Margaret Johnson, group chief executive of advertising firm Leagas Delaney and a non-executive director of UK insurer Admiral, said a diverse team does performs better.
“It’s not just about male and female it’s about different skills and behaviors, how people deal with conflict.”
She accepts that it will take time for men to get used to having women around the top table.
“50-plus men as a cohort have not grown up with women in senior roles - they are a little bit scared. A lot of senior men are not used to women who talk in a direct, confident way.”
But a big obstacle to getting more women into the boardroom as non-executives is having a broad range of suitable candidates.
“The main problem is how to get a bigger pool of women candidates. The head-hunters are a major problem factor. They tend to be very conservative and put up predictable and safe lists.
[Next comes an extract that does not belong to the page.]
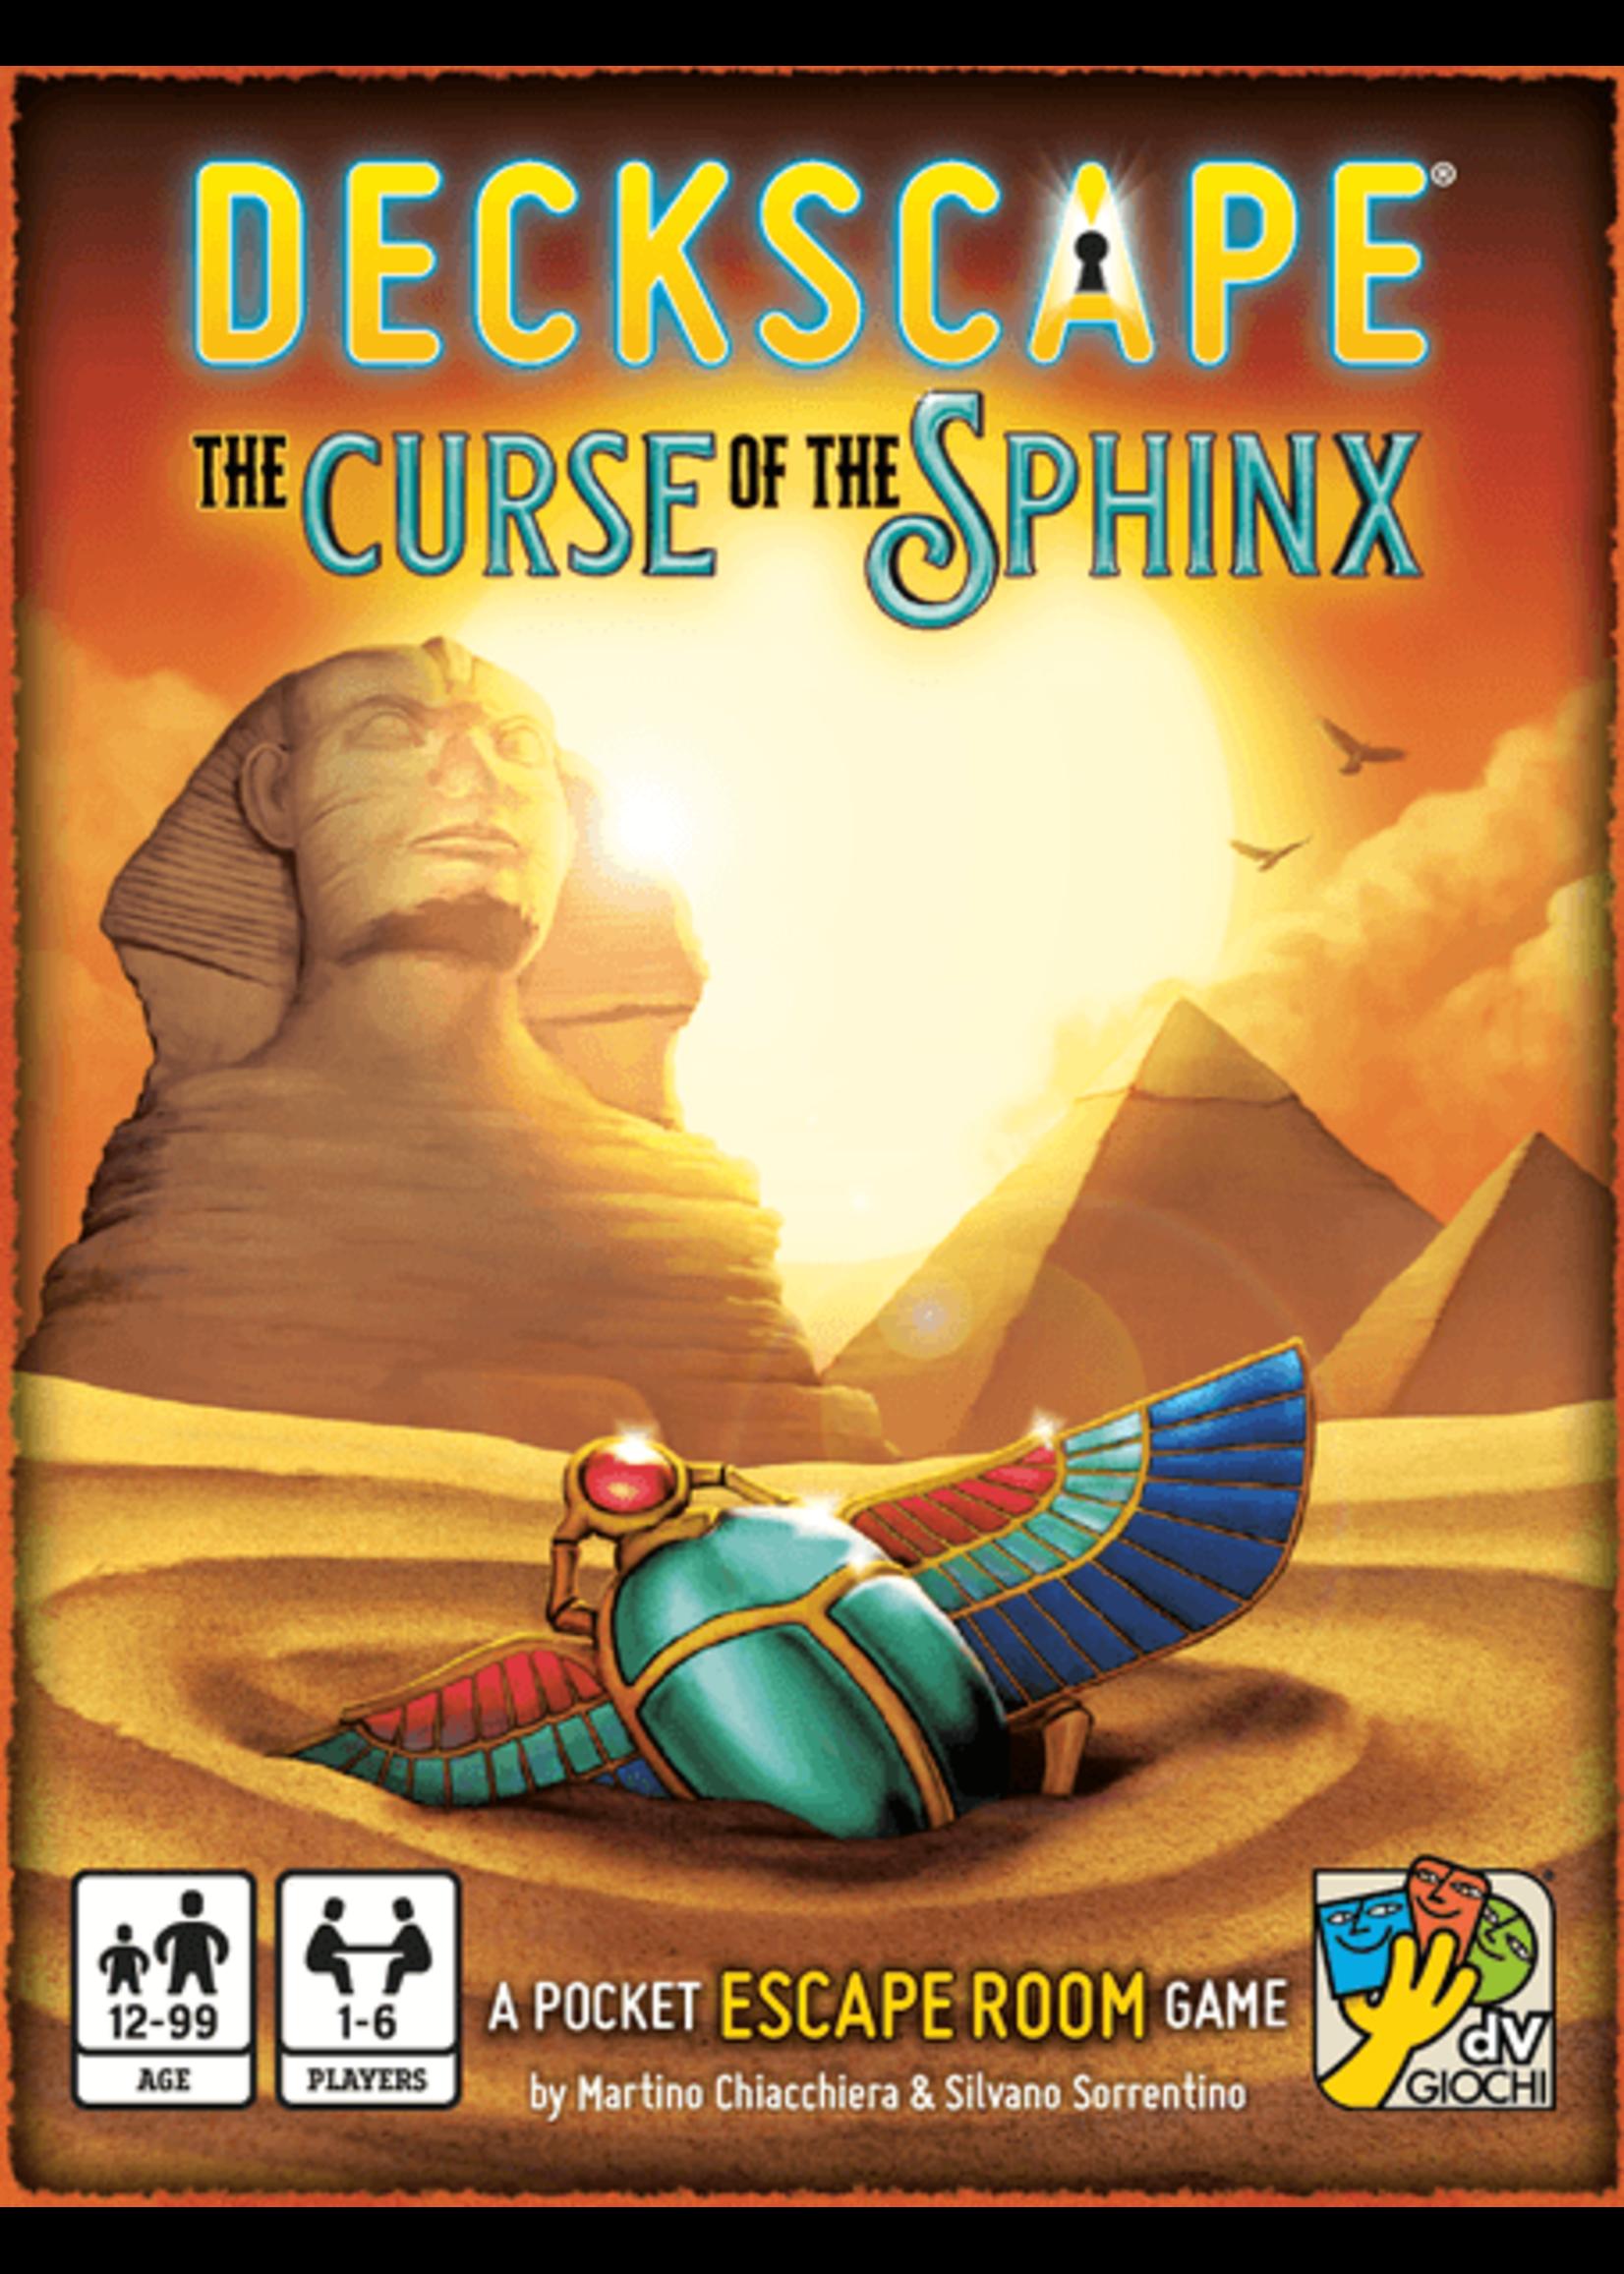 Deckscape: The Curse of the Sphinx

Left of field suggestions are seen as impossible by them,” said Bob Garratt, visiting professor at the Cass Business School.
Garratt is lukewarm on quotas as a way to boost the numbers of women non-executives.
He said quotas in Norway and South Africa, for example, had led to a small group of women getting a lot of the appointments.
In Norway, he said these women are known as the “diamond skirts” and in South Africa the “black diamonds.”
But Garratt believes diversity is crucial in helping a board navigate and plan a company’s future.
”They need more skills to make sense of a chaotic world with all the changes in the physical, social, technical environments.
If the board is diverse you will get a better sense of the trends and patterns in that future.”
But he said it was difficult to get genuine diversity because many women who make it on to boards have got there by learning to play traditional corporate and boardroom politics.
“Many of the brightest women executives don’t want to join a board and play those silly games,” he said. “They prefer either to break away and form their own businesses or continue to have more influence through their existing managerial roles,” Garratt said.
“These women will form the next generation of mid-sized companies which tend to grow faster and be more profitable.”